カレーの時に福神漬けを食べるのは実家では普通のことだったのだが、瑞希の家ではあり得ない組み合わせだったらしく、結婚してからは一度として二つが一緒の食卓に並ぶところを見ていない。だから僕は、少し物足りなさを感じていた。
三人前のカレーが揃ったところで手を合わせる。大きめの銀のスプーンで熱々のルーを多めに掬うと、山口さんは勢い良く口に運んだ。
「アツッ! アツッアツッ」
余程熱かったのか、何度も口を開いて空気を入れていた山口さんを見て僕が吹き出すと、瑞希は笑ってから、わざとらしくカレーを掬ったスプーンに「フー」と息を吹きかけていた。
「それで? 犯人の目星は?」
「三人ほど可能性がある人がいます」
二口目を口にする前に、山口さんが瑞希の目を見て訊ねる。瑞希は敢えて目線を外すように下を向いて答えた。
「一人目は東出夏美……私の高校時代の友人です。最近は会っていないんですが、最後に会った時お金に困っていました。何より、昔から子供が好きで雛のことも可愛がっていたので」
知り合いを疑うことが気持ちのいいことなはずがない。それは、言うまでもなく瑞希の行動が語っていた。
まだほとんど減っていない瑞希のカレーから次第に湯気が消えていく。そのカレーに目線を向けたまま、瑞希は話を続けた。
「二人目は北山優子ちゃんです。結婚している友人なんですが、数年前優子ちゃんは、身体の病気で子供を作ることが出来ないことを私に話してくれました」
「なるほど。俺が言っていた通りの奴がいた訳だ。

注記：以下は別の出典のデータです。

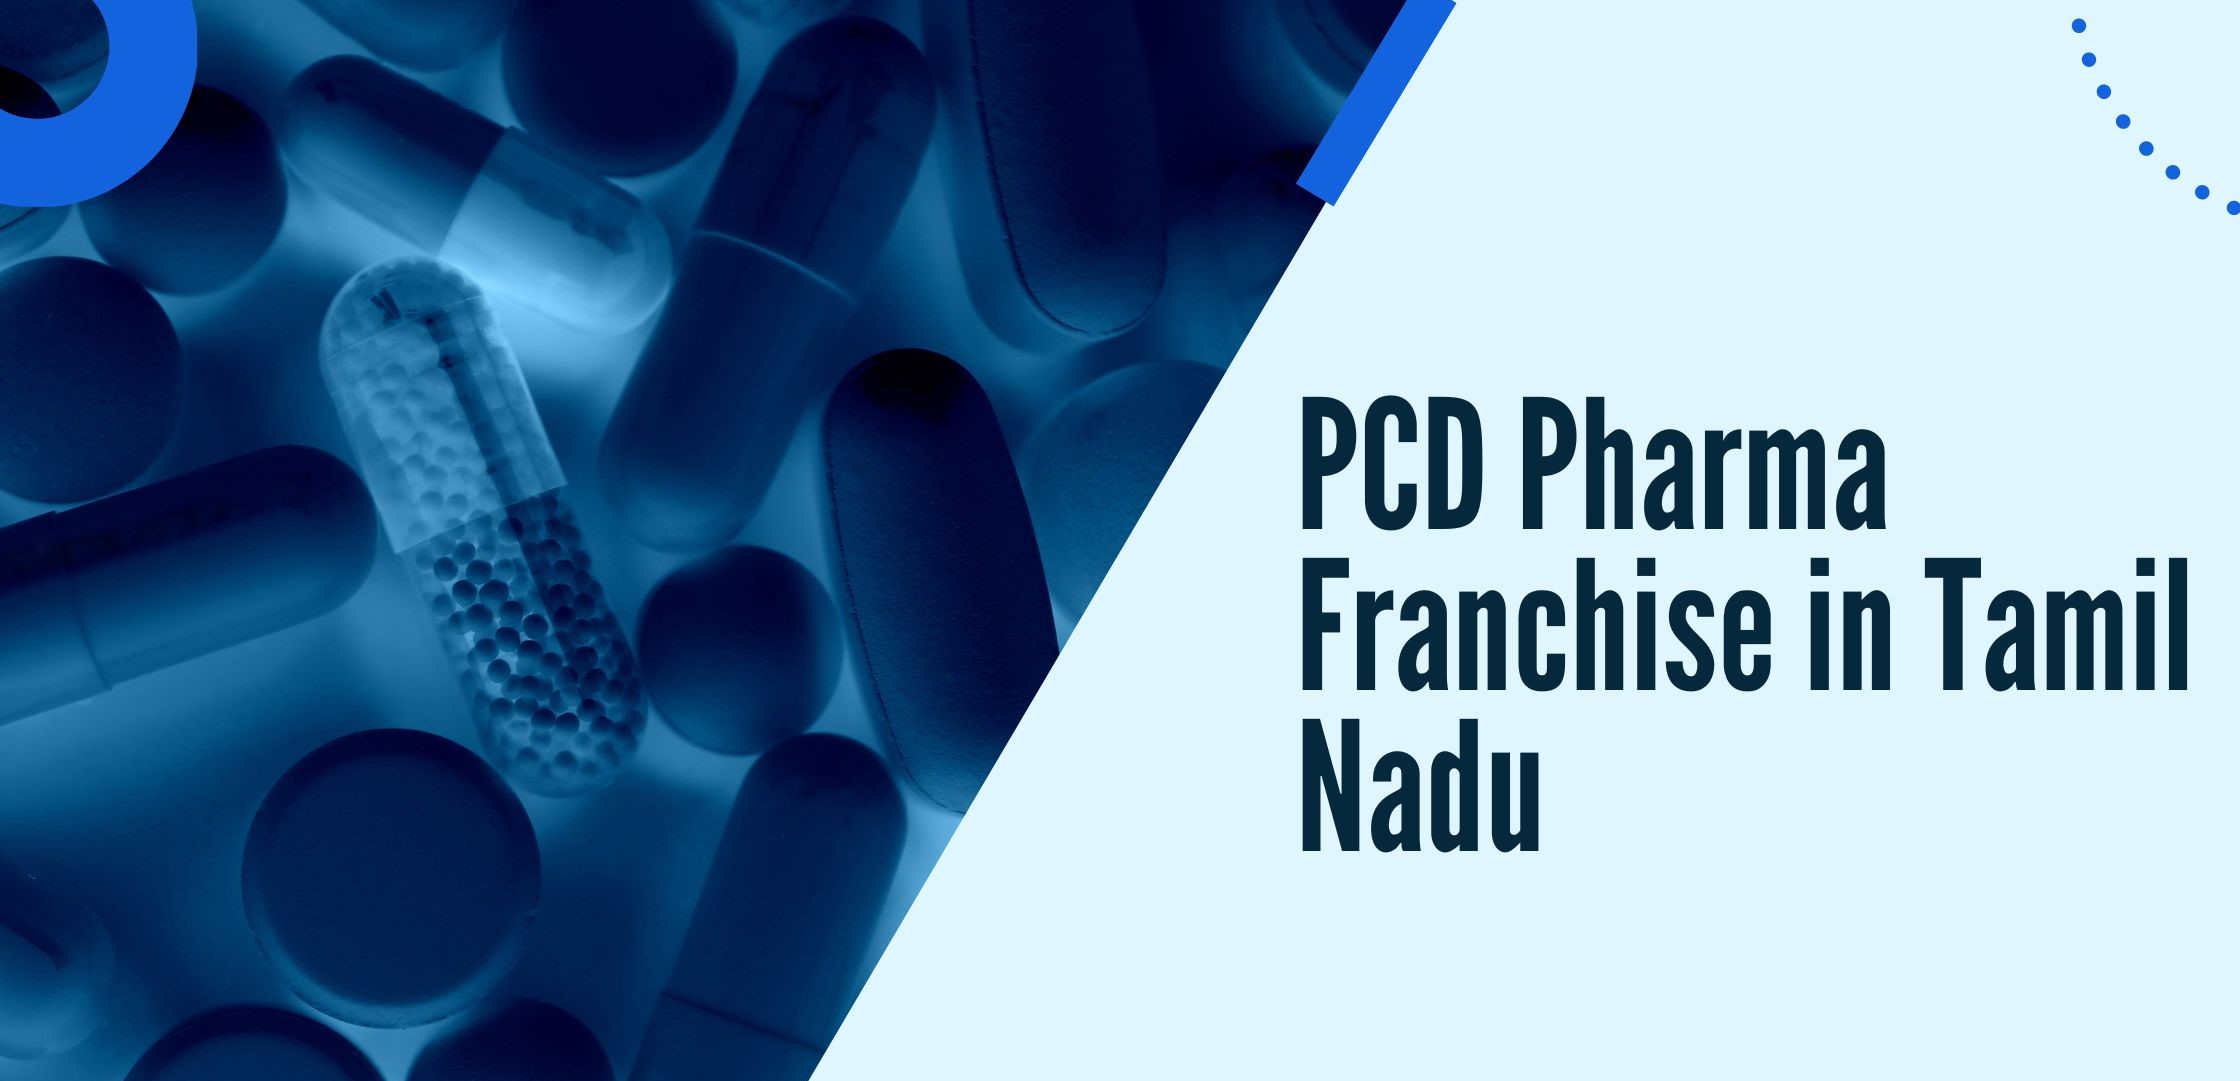 PCD Pharma Franchise In Tamil Nadu

最後は?」
一瞬だけ、僕の方へ瑞希は顔を向けた。すぐに背けたのに、その今にも泣き出しそうな悲しい表情は、僕の心を騒めかした。
「三人目は西田梨菜さん。雛の親友でよく遊びに来ていた西田梨花ちゃんのお母さんです」
えっ? 瑞希は今、何て言った? 梨菜さん?
「梨菜さんが三人目? 瑞希それ本気で言ってんのかよ」
手から落ちたスプーンがタイルに当たって甲高い音を立てる。が、そんなことは一切気に留めず、瑞希は真剣な顔で僕を見ていた。

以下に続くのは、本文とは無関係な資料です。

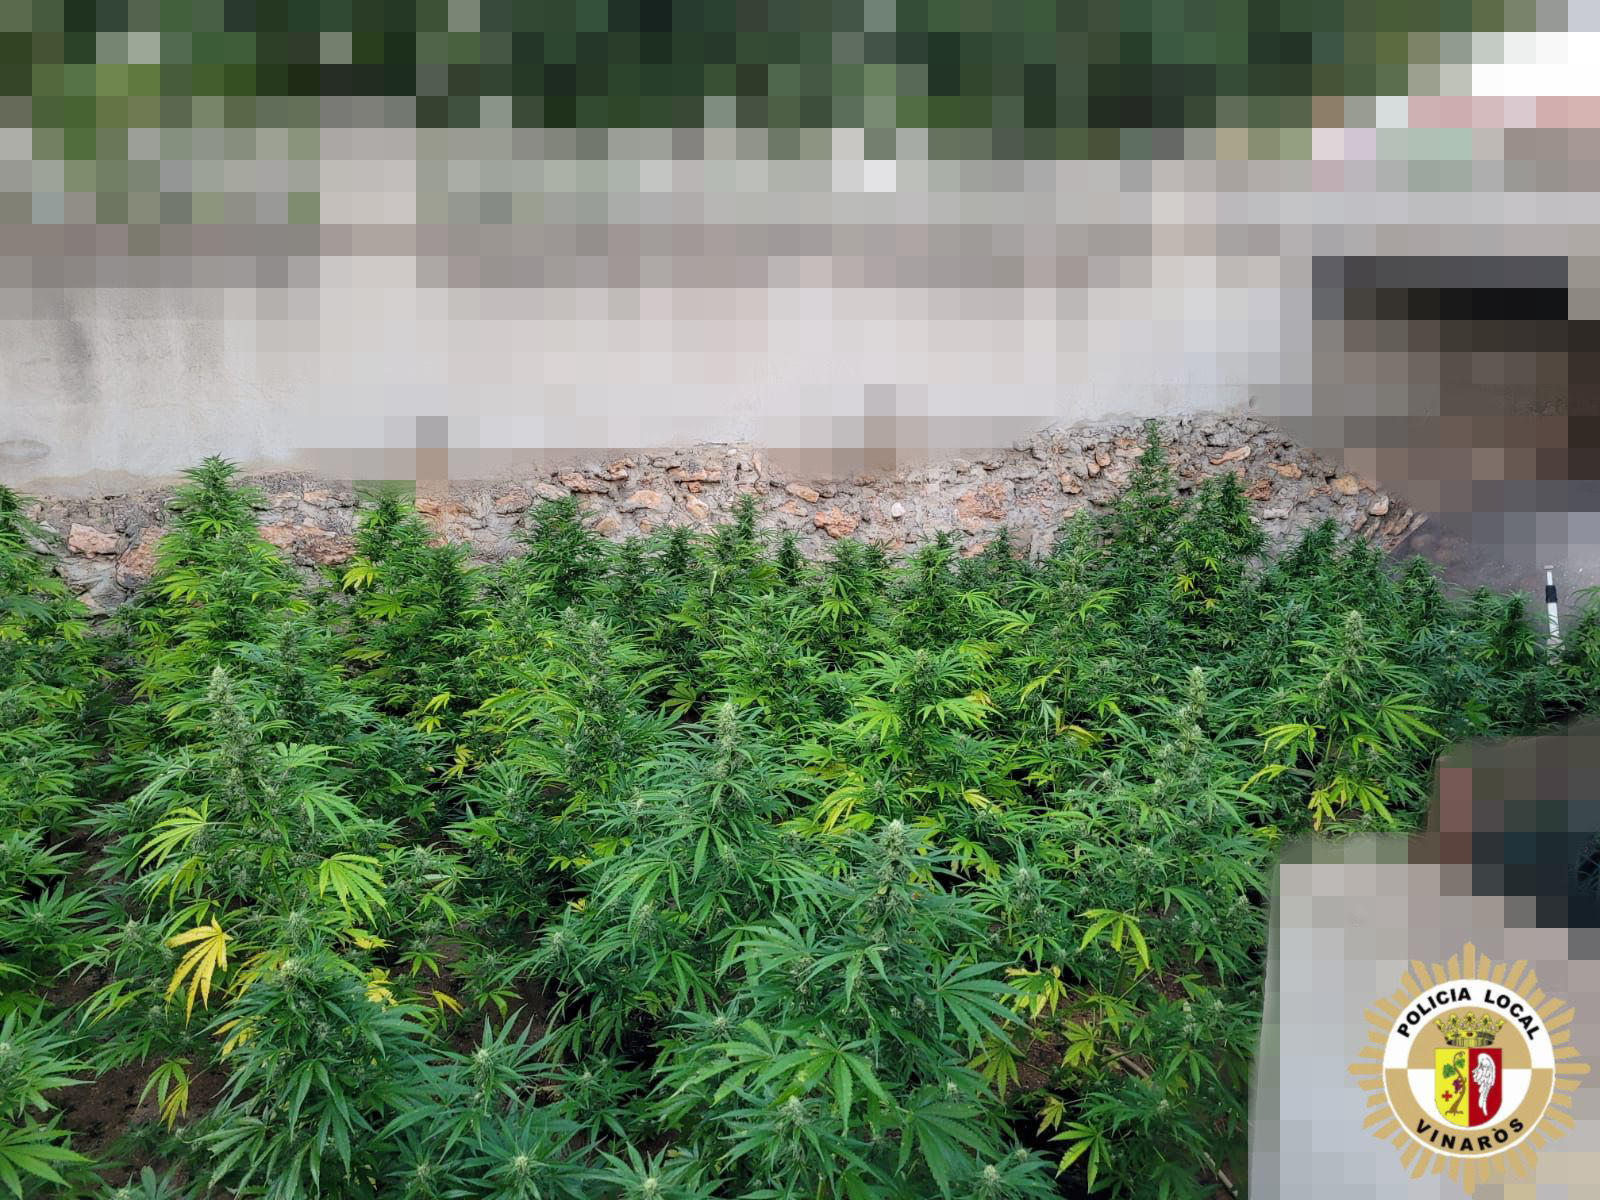 Se contabilizaron 105 plantas de marihuana en la finca de Vinars.

名前を聞いて声を荒らげた時、また喧嘩になるかもと思った。でも、瑞希の本気の顔つきにたくさんの想いを感じたから、何も言わず……何も言えずに床に落ちたスプーンを拾った。
「実は梨菜さんは、かっちゃんのことを妬んでいたんです。梨菜さんの夫の功次さんが、同期のかっちゃんより少し立場が下だから。それでかっちゃんへの嫌がらせのために雛を……ということも」
口を閉じた瑞希の泣きそうな顔を見て脱力して、掬ったカレーを今度は皿の上に落とした。

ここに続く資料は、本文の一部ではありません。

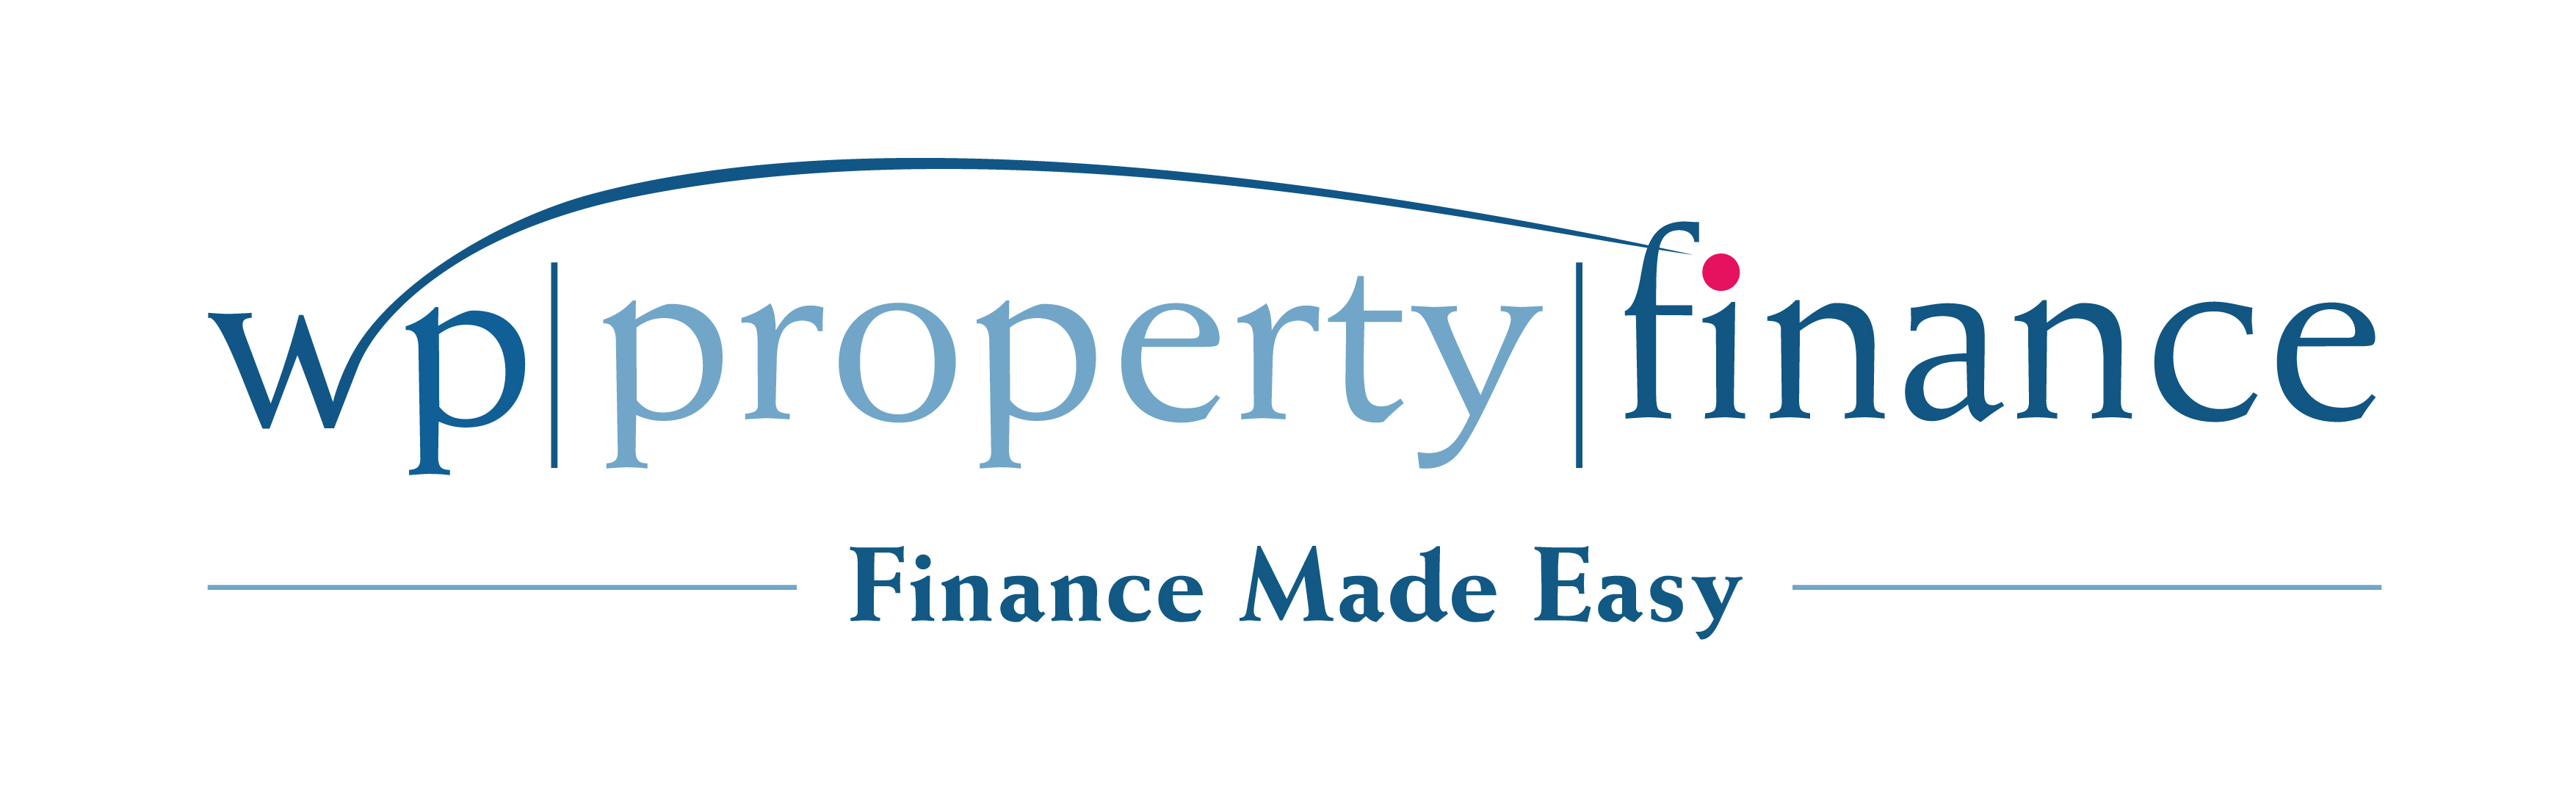 Positive Property Finance Logo

確かに梨菜さんは酒に酔うとよく「私の夫の方がすごいのに」と愚痴を零していた。
そんな……まさか……。
分からなくなっていく頭の中で、それでも梨菜さんじゃありませんようにと、強く願った。
瑞希の話が終わると三人は無言になってしまった。部屋には、銀のスプーンが皿に当たって鳴る嫌な音だけが、時々響いていた。